7 February 2023

China says ‘spy’ balloon incident ‘hyped up’


Elizabeth Law

BEIJING - The threat of a Chinese balloon drifting over the United States has been overplayed by some American politicians and media to smear Beijing, China’s foreign ministry said on Saturday.

The comments come after US Secretary of State Anthony Blinken postponed a trip to Beijing to have taken place on Sunday, in light of the incident and following an outcry from lawmakers led by Republicans who have called on the Pentagon to shoot down the balloon. The US assessed it to have been a spy balloon, while the Chinese maintains it was for meteorological research.

“We have no intention to violate and has never violated the territory or airspace of any sovereign country,” China’s Ministry of Foreign Affairs said in a statement.

“Some politicians and media in the US have hyped it up to attack and smear China. The Chinese side is firmly opposed to that.”

But the ministry also adopted a mollifying tone, calling for contact and communication at all levels to be maintained and adding that it is a responsibility of the diplomatic teams to be able to handle such situations.

The ministry added that no visit had been officially announced by either side, a seeming signal that it was trying to downplay the deferment of Mr Blinken’s trip. “It is the US’ own business to release relevant information, and we respect that.”

In a separate statement, the ministry also said the top diplomats of both countries had spoken on Friday night about dealing with “accidental incidents in a calm and professional manner”.

“In the face of unexpected situations, what both parties need to do is to stay focused, communicate in a timely manner, avoid misjudgments, and manage and control differences,” said the Communist Party of China’s Central Foreign Affairs Commission director Wang Yi.

A statement from the US Department of State struck a similar tone, adding that Mr Blinken would visit Beijing “as soon as conditions allow”.

Both governments have sought to play down the incident, insisting that they will continue to keep communication lines open, while China has made a rare admission of error in expressing regret the balloon drifted off course.


Beijing insists that the balloon was meteorological research equipment that has deviated from its planned route, but Washington says otherwise.

“We know that it’s a surveillance balloon,” said a Department of Defence spokesman during a media briefing.

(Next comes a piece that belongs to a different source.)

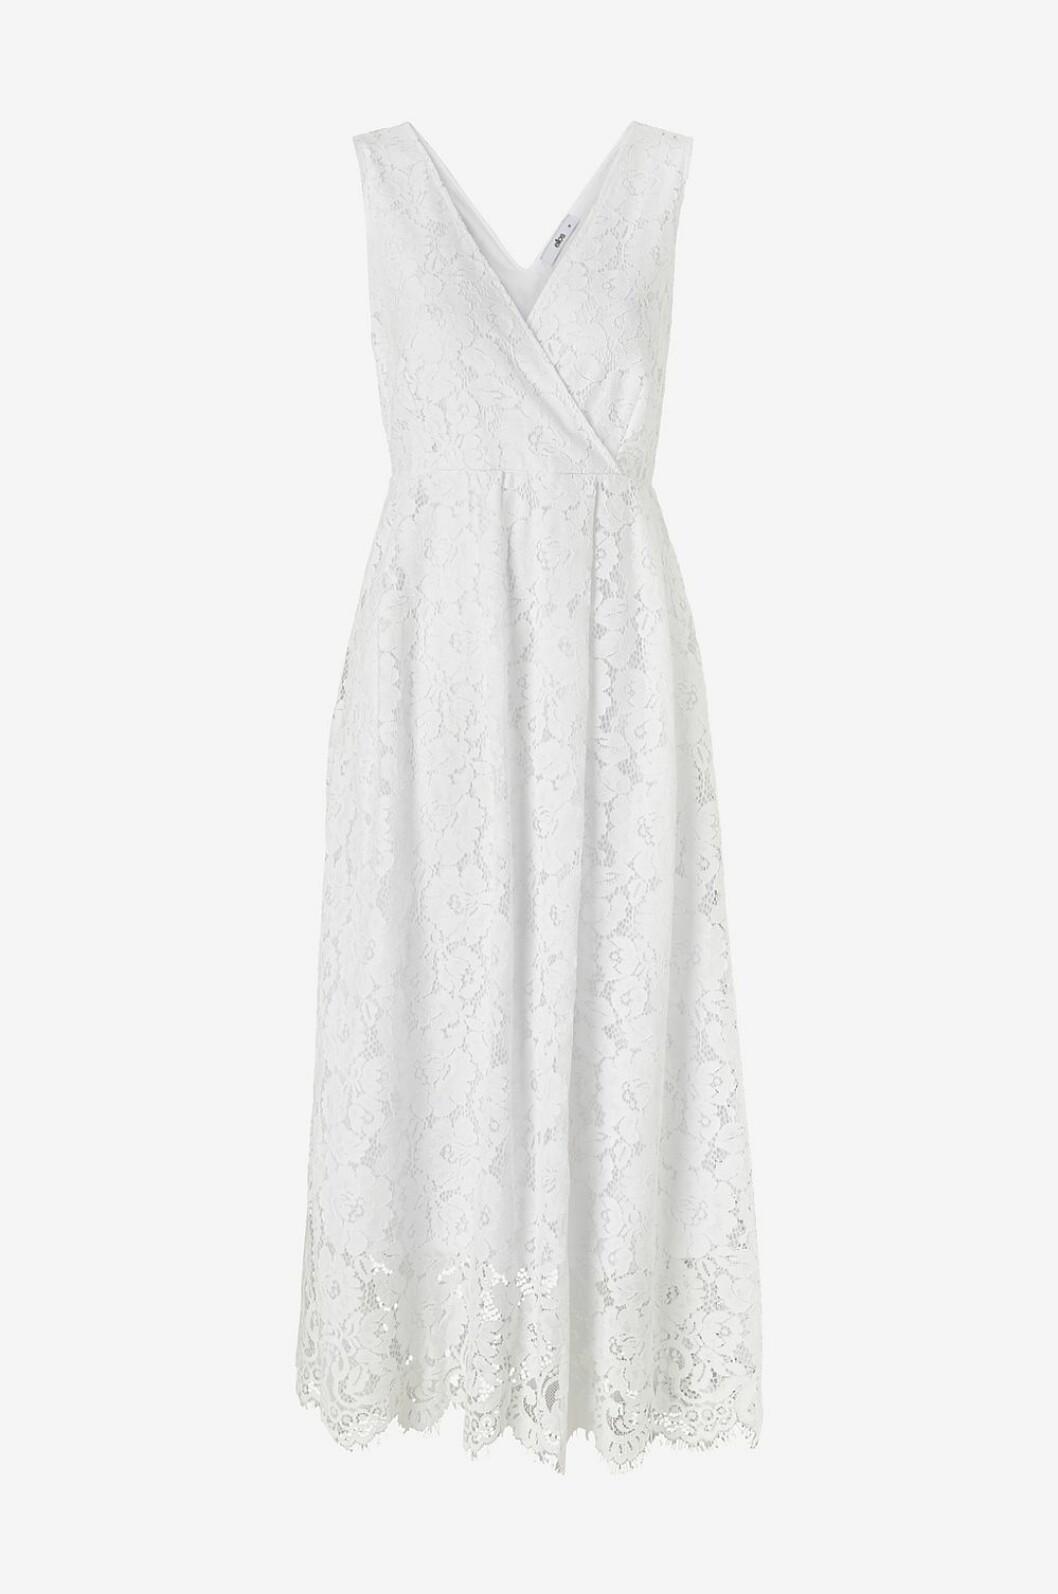 Vit ärmlös spetsklänning till sommaren 2020
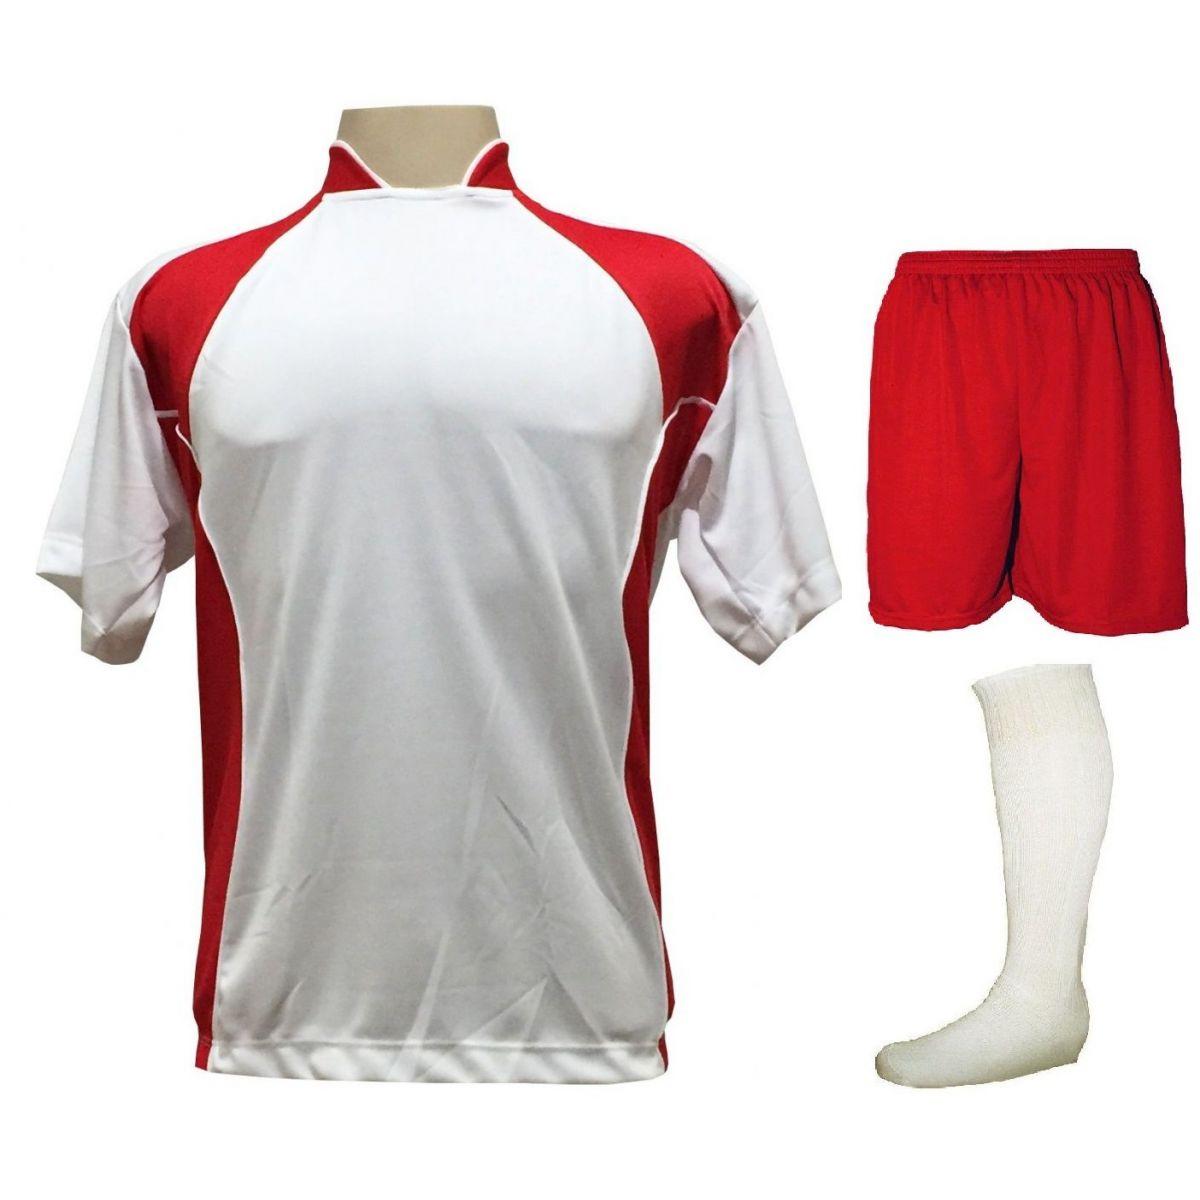 Uniforme Esportivo com 14 camisas modelo Suécia Branco/Vermelho + 14 calções modelo Madrid Vermelho + 14 pares de meiões Branco

A balloon flies in the sky over Billings, Montana, US, on Feb 1, 2023. PHOTO: REUTERS

The balloon was first spotted earlier this week and had been loitering over Montana, home to intercontinental ballistic missile silos. A Department of Defence official said the balloon posed no intelligence threat and such incursions have happened before.

The incident comes amid hopes for thawing relations between the world’s two largest economies after nearly five years of a bruising trade war and tense diplomatic ties. Mr Blinken was set to have a series of meetings in Beijing early next week, the most senior US politician to have made such a trip since 2018.

If there is any silver lining to the incident, it is that both governments appear to be soothing things over – something impossible as recently as four months ago before Presidents Xi Jinping and Joe Biden met in Bali, said Assistant Professor Dylan Loh of the Public Policy and Global Affairs division in Nanyang Technological University.

And both sides are likely to continue to work towards guard rails in the relationship. But he expects ties to remain turbulent given an expected visit by House Speaker Kevin McCarthy to Taiwan in April. A rescheduled Blinken visit could take place later in the year.

Professor Shi Yinhong, director of Centre on American Studies at the Renmin University of China, is similarly pessimistic. Given the number of confrontations in recent months, ranging from tensions over Taiwan, an increased military presence in the Philippines to restrictions on semiconductors, there is “little prospect” for any leaps in improving the US-China relation in the short term, he said.

“The increasingly bad state of US-China relations is too delicate to accommodate even a single ordinary blow. ‘Remarkable and lasting improvement’ (in the relationship) has become something that is dependent on almost (a) miracle,” he said.